Well, this isn't exactly what I was hoping for.

I've been hesitant to return to Second Life for a number of reasons, but the biggest sore spot has to be the game's impenetrable interface.

Clearly I'm no stranger to videogames - one look at my other blog will tell you that - but for some reason I just can't wrap my head around the multifarious menus, submenus, and sub-submenus that comprise the nuts and bolts of the Second Life experience.

In an article for CNNMoney.com, Fortune senior editor David Kirkpatrick suggests that Second Life has significant value not necessarily in how it currently functions, but for the potential and groundbreaking approach it suggests for future online interactivity.

"Second Life is important as much for what it represents as for what it offers today," he says.
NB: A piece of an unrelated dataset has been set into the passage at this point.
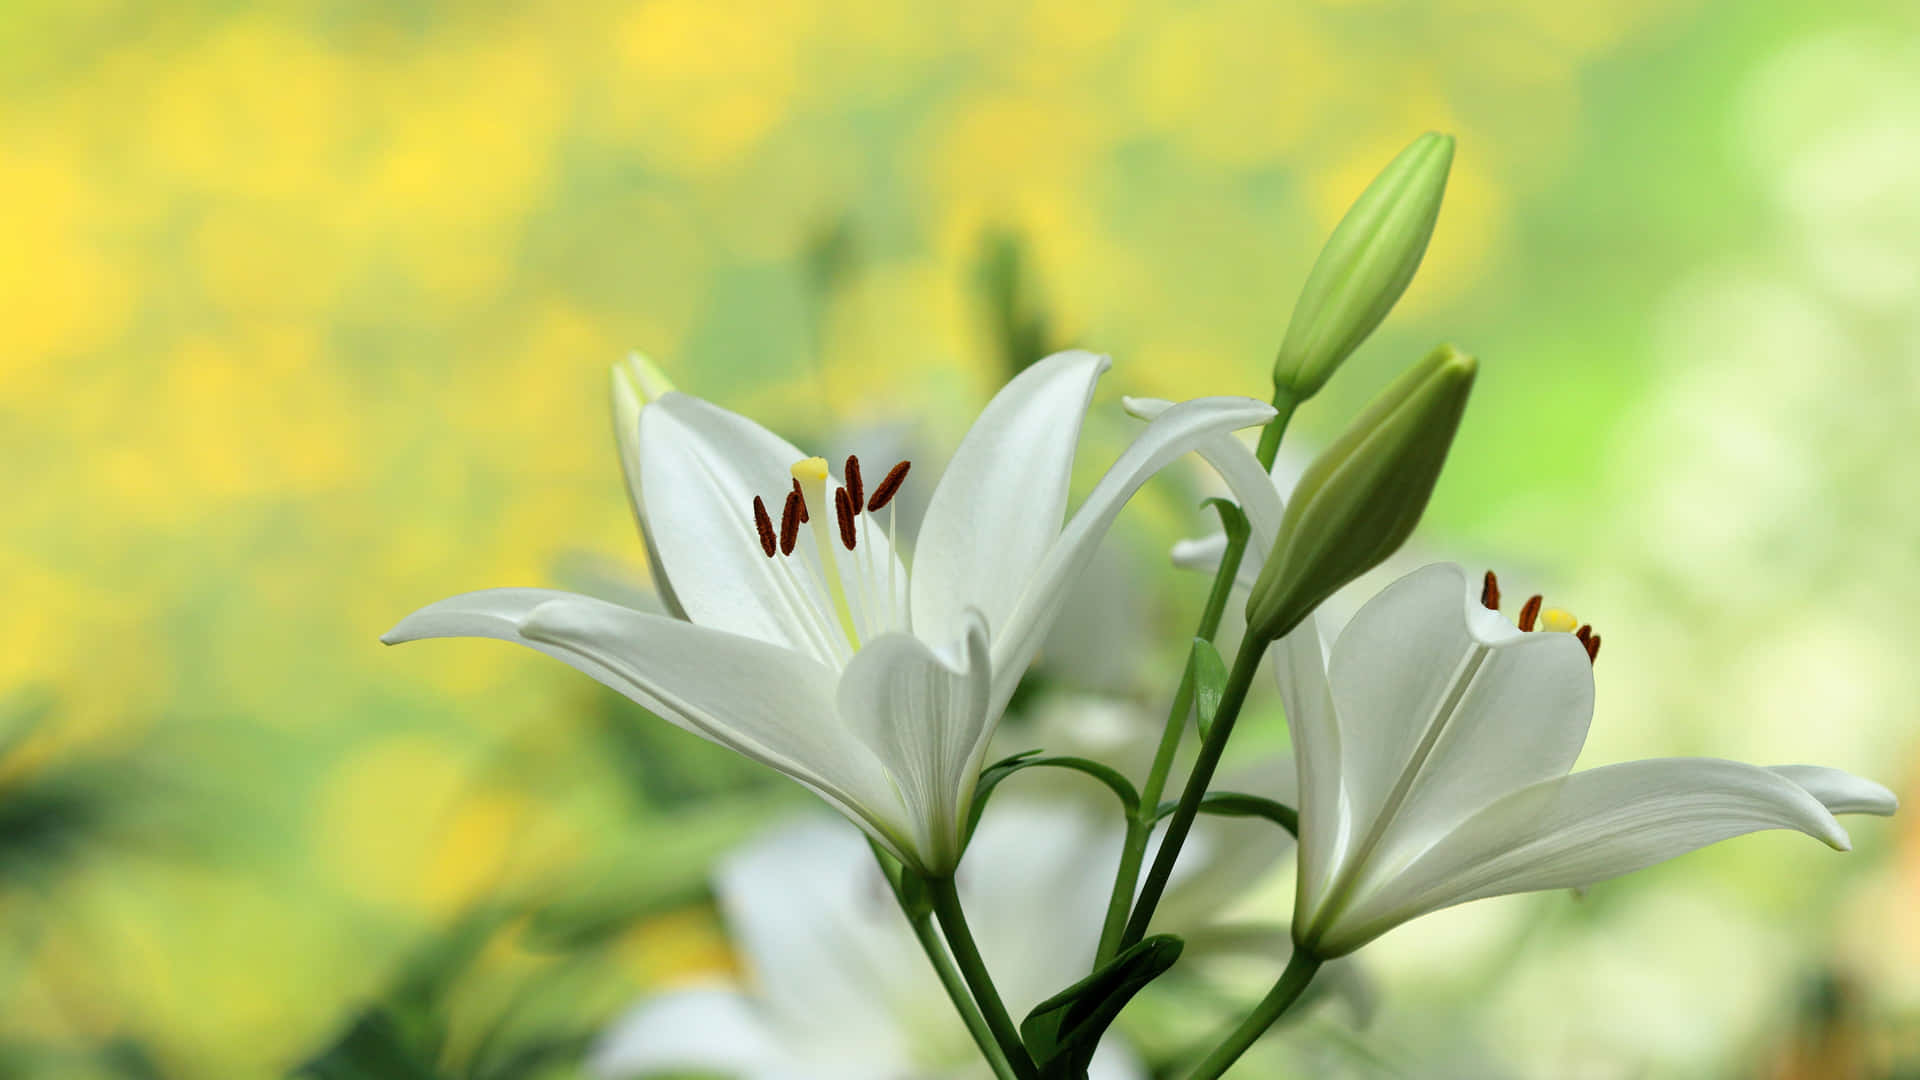 Caption: Elegant Lily on a Blurred Background

However, he flat-out states that "so far, Second Life is way too hard to use." It's impenetrable to almost all but the most tech-savvy of users, and it requires a computer with more than a little horsepower behind it.

I'm glad someone else is seeing the faults the same way I am. But on the flip side, perhaps my initial impressions were too harsh. While Second Life is largely clunky, inconsistent and buggy, it is an example of a Web where interactivity and multimedia are taken to unbelievable new levels. It may just be a big experiment, but it could very well be the framework for a revolution in human interaction.